In June 2009, the Financial Accounting Standards Board (the “FASB”) issued amended standards for determining whether to consolidate a variable interest entity. These new standards amend the evaluation criteria to identify the primary beneficiary of a variable interest entity and require ongoing reassessment of whether an enterprise is the primary beneficiary of the variable interest entity. The provisions of the new standards are effective for annual reporting periods beginning after November 15, 2009 and interim periods within those fiscal years. These standards became effective for us in the first quarter of fiscal 2010. The adoption of the new standards will not have an impact on our consolidated financial position, results of operations and cash flows.

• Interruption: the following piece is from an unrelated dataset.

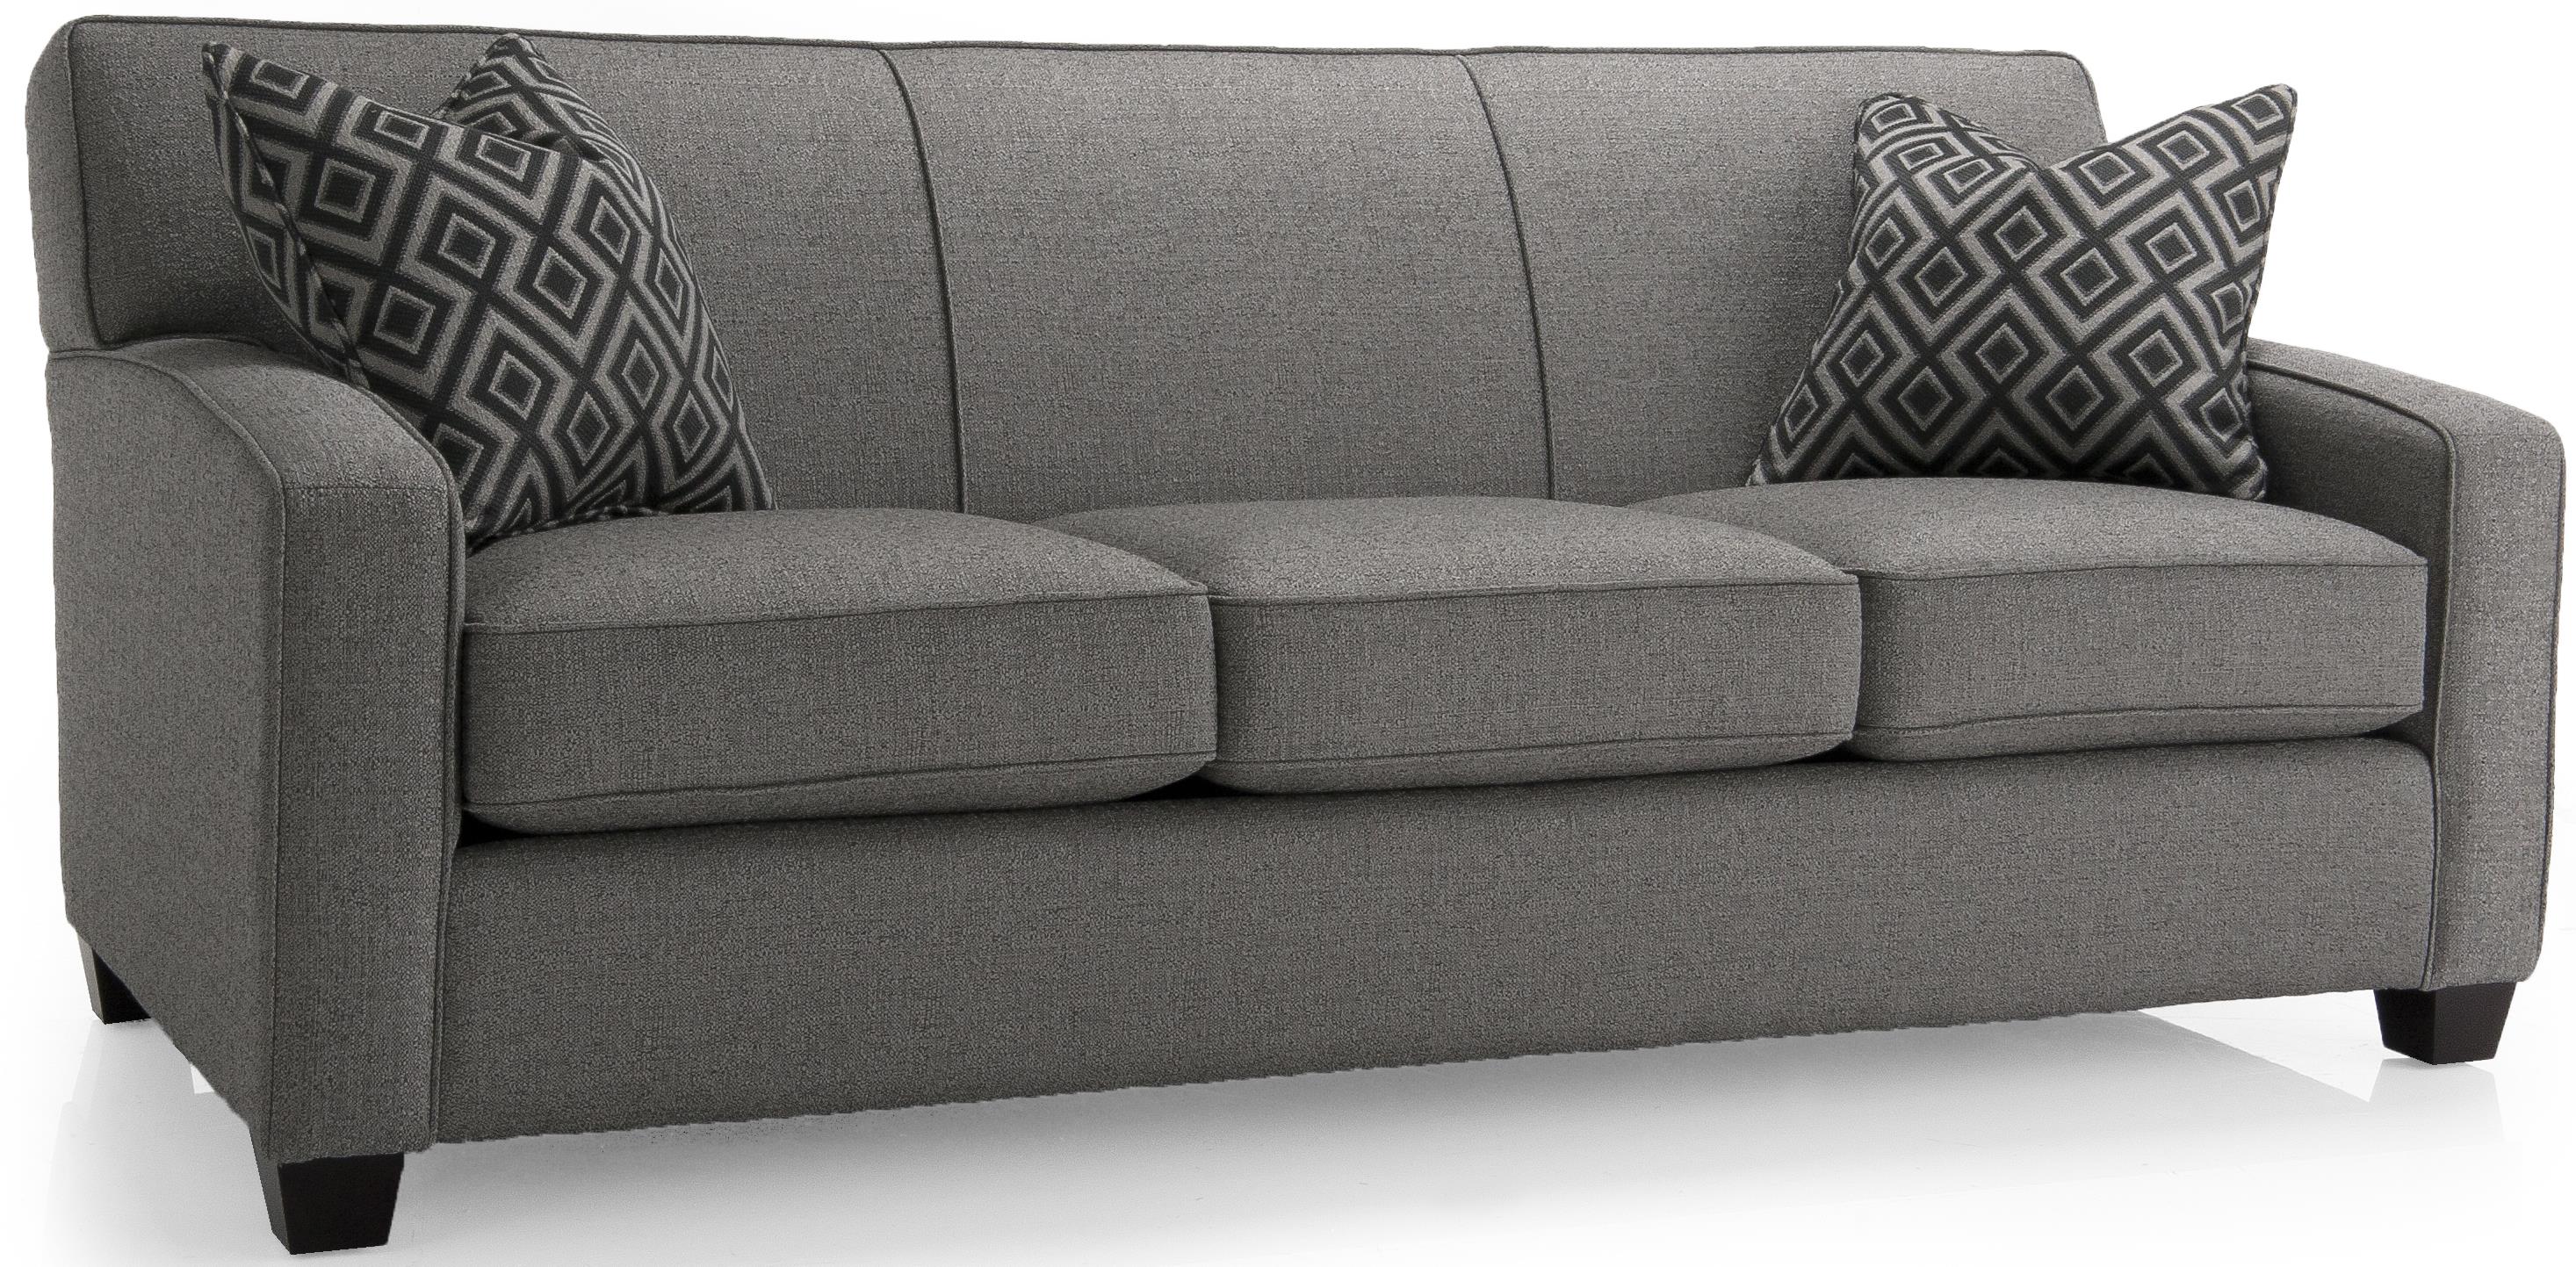 Decor-Rest 2401 Contemporary Stationary Sofa with Accent Pillows

In January 2010, the FASB issued Accounting Standards Update No. 2010-06, “Fair Value Measurements Disclosures,” which amends Subtopic 820-10 of the FASB Accounting Standards Codification to require new disclosures for fair value measurements and provides clarification for existing disclosure requirements. More specifically, this update will require (a) an entity to disclose separately the amounts of significant transfers in and out of Levels 1 and 2 fair value measurements and to describe the reasons for the transfers; and (b) information about purchases, sales, issuances and settlements to be presented separately (i.e. present the activity on a gross basis rather than net) in the reconciliation for fair value measurements using significant, unobservable inputs (Level 3 inputs). This update clarifies existing disclosure requirements for the level of disaggregation used for classes of assets and liabilities measured at fair value, and requires disclosure about the valuation techniques and inputs used to measure fair value for both recurring and nonrecurring fair value measurements using Level 2 and Level 3 inputs. We do not anticipate that the adoption of this standard will materially expand our consolidated financial statement footnote disclosures.

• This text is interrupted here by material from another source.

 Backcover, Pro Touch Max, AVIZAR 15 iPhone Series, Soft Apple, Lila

The three levels of the fair value hierarchy are:

 
Level 1 – Unadjusted quoted prices in active markets for identical assets or liabilities;

 
Level 2 – Inputs other than quoted prices that are observable for the asset or liability either directly or indirectly; and

 
Level 3 – Inputs that are not based on observable market data.

In February 2010, the FASB issued Accounting Standards Update No. 2010-09, “Subsequent Events,” which amends ASC 855 to address certain implementation issues, including: (1) eliminating the requirement for a filer with the United States Securities and Exchange Commission (the “SEC”) to disclose the date through which it has evaluated subsequent events; and (2) refining the scope of the disclosure requirements for reissued financial statements.  The provisions of the update will be effective upon issuance.  The adoption of the update will not have an impact on our consolidated financial position, results of operations and cash flows.

17.           Related party transactions

On April 1, 2009, we entered into an agreement with Sierra Partners LLC (“Sierra”) pursuant to which Sierra agreed to provide us with investor relations and corporate finance consulting services.  The founder and partner of Sierra is also one of our directors. Under the terms of the agreement, Sierra will provide us with consulting services commencing April 1, 2009 and ending on March 31, 2010, with the agreement continuing thereafter on a month-to-month basis beginning April 1, 2010.  Sierra will assist us with our efforts to maintain an investor relations program and provide support and analysis of our general corporate finance and strategy efforts.  As compensation for these services, we agreed to pay to Sierra a monthly retainer fee of $10,000 during the term of the agreement and issue to Sierra 60,000 of our stock options.  As of June 30, 2010, we had made payments to Sierra under the agreement totaling $150,000; of which $60,000 had been paid during the six-month period ended June 30, 2010, and had issued the 60,000 stock options to Sierra with a recorded expense of $50,386.